Emma McKinney interviews Razia, mother to a child with a disability, about R caring and advocating for a child with a disability
Razia is mother to Nura who has Cerebral Palsy with quadriplegia and Global Developmental Delay, which resulted from a lack of oxygen before and during birth. Nura had a difficult start as a newborn. In addition, Nura has Cortical Visual Impairment, which makes it difficult to understand what she is able to see as she is unable to verbalise what is visible. Five days after her birth, Nura was taken off life support, but she pulled through.
Together with her husband, Razia tried many traditional therapies including occupational therapy and physiotherapy. They also explored alternative therapies such as behavioural neuro- feedback therapy. Razia reflected on how Nura received physiotherapy as a newborn before they left hospital.
She shared how they integrate physiotherapy in all daily activities including dressing, feeding and moving. Nura uses hand and wrist braces, and foot orthotics. She has had some significant surgeries including a spinal fusion in 2015. These surgeries are always very scary as Nura has experienced seizures while under anaesthesia. The risk of complications, including infection, is high.
Razia and her husband know Nura better than any healthcare professional. They know when something is wrong (such as when she stops eating or gets very sleepy). When asked for advice for other parents of children with disabilities, Razia highlighted that all children are different; however, here are some ideas she wanted to share:
- Allow yourself to grieve.
- Don’t bombard yourself with too much medical information.
- While information is important, it is also vital to remember that your baby is still your baby and that you need to bond with them.
- Even though time in the intensive care is emotional, focus on your baby.
- Try to nurse if you are able. But, also be prepared that your baby might not be able to nurse if they are premature or have a medical condition that prevents them from latching. Try Kangaroo Mother Care to help with bonding if you can.
- Realise that you cannot “fix” your child. Trying to get them to “fit into” a neurotypical world is not helpful.
- Don’t focus on the “normal” developmental milestones, let them go.

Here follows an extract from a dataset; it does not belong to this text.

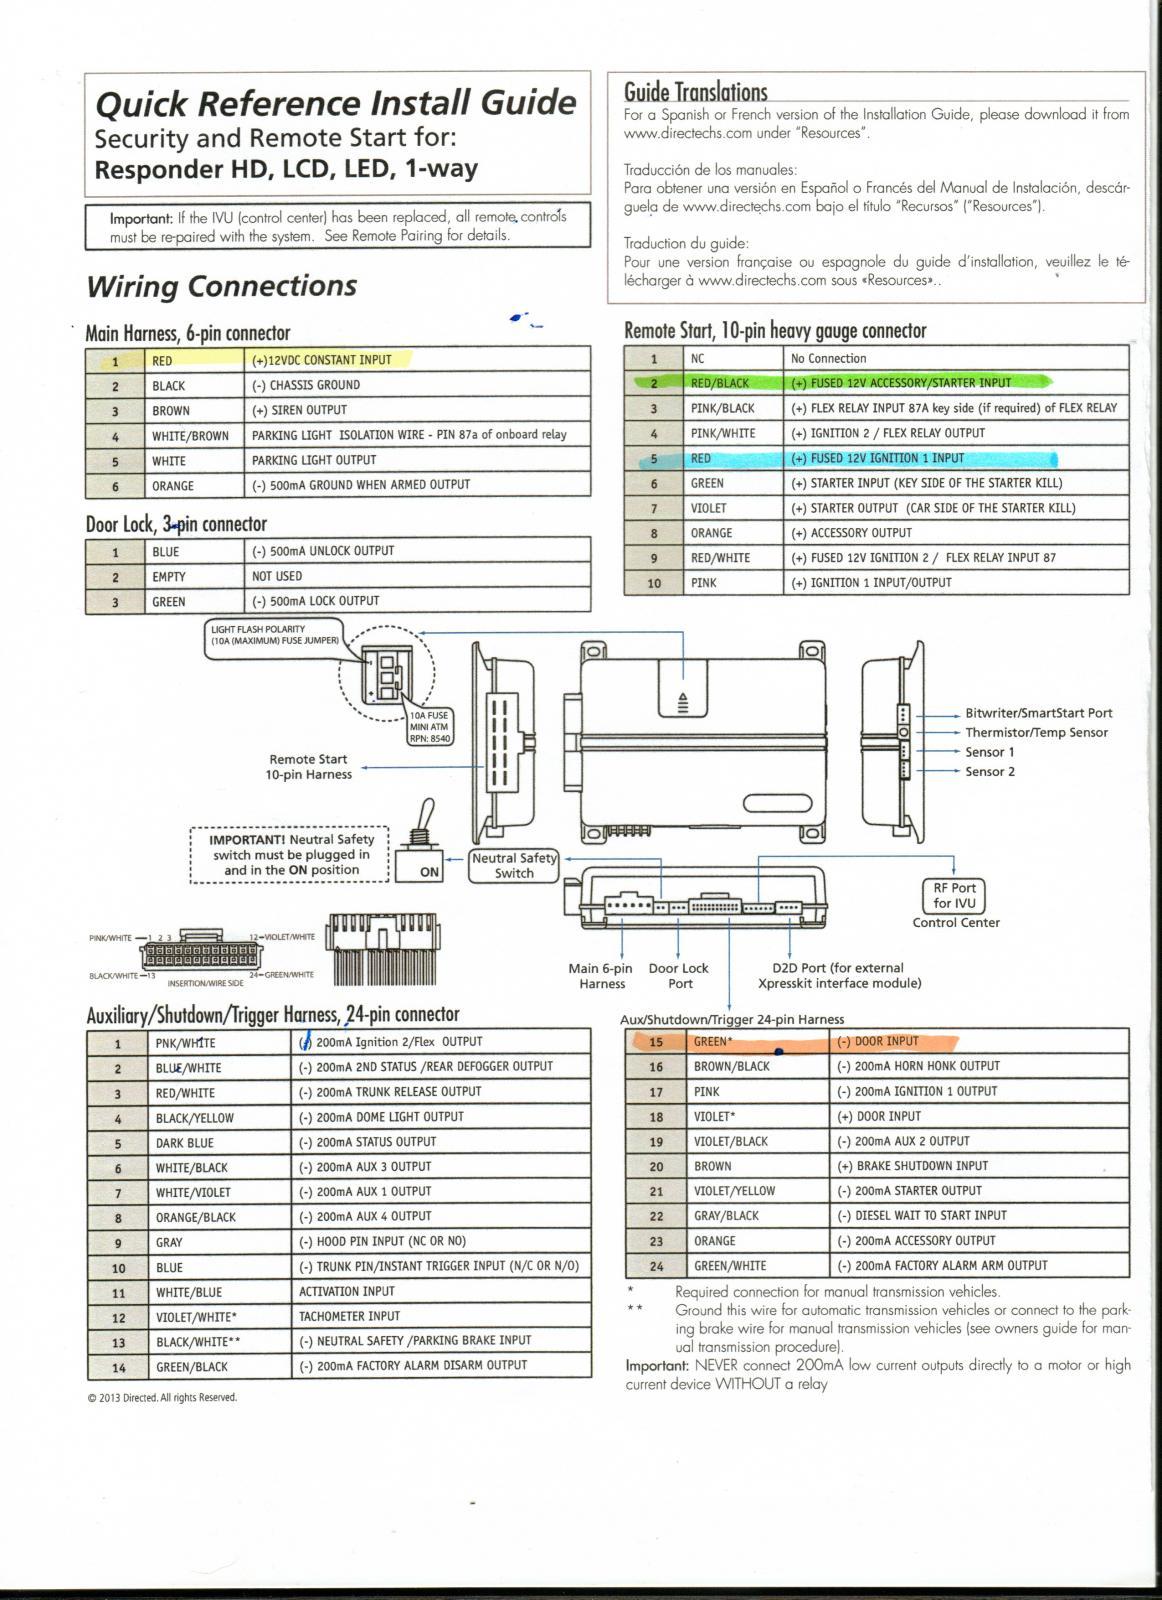 Viper Remote Start Wiring Diagram : viper, remote, start, wiring, diagram, DIAGRAM], Wiring, Diagram, Viper, 5701v, Version, Quality, GSPOTDIAGRAM.HOTELBALTICSENIGALLIA.IT

- Parents need to trust themselves as they know what is best for their children.
- Talk about future issues sooner rather than later, such as hysterectomies, which can be very emotional topics and require time to process.
- While the path that every parent walks may be similar, their footsteps and pace will differ. Some arrive sooner while others later and that is okay.
- Listen to adults with disabilities.
- Speak with your child and include them in decisions about their bodies and health, especially when they are older. Don’t underestimate how much they take in and understand.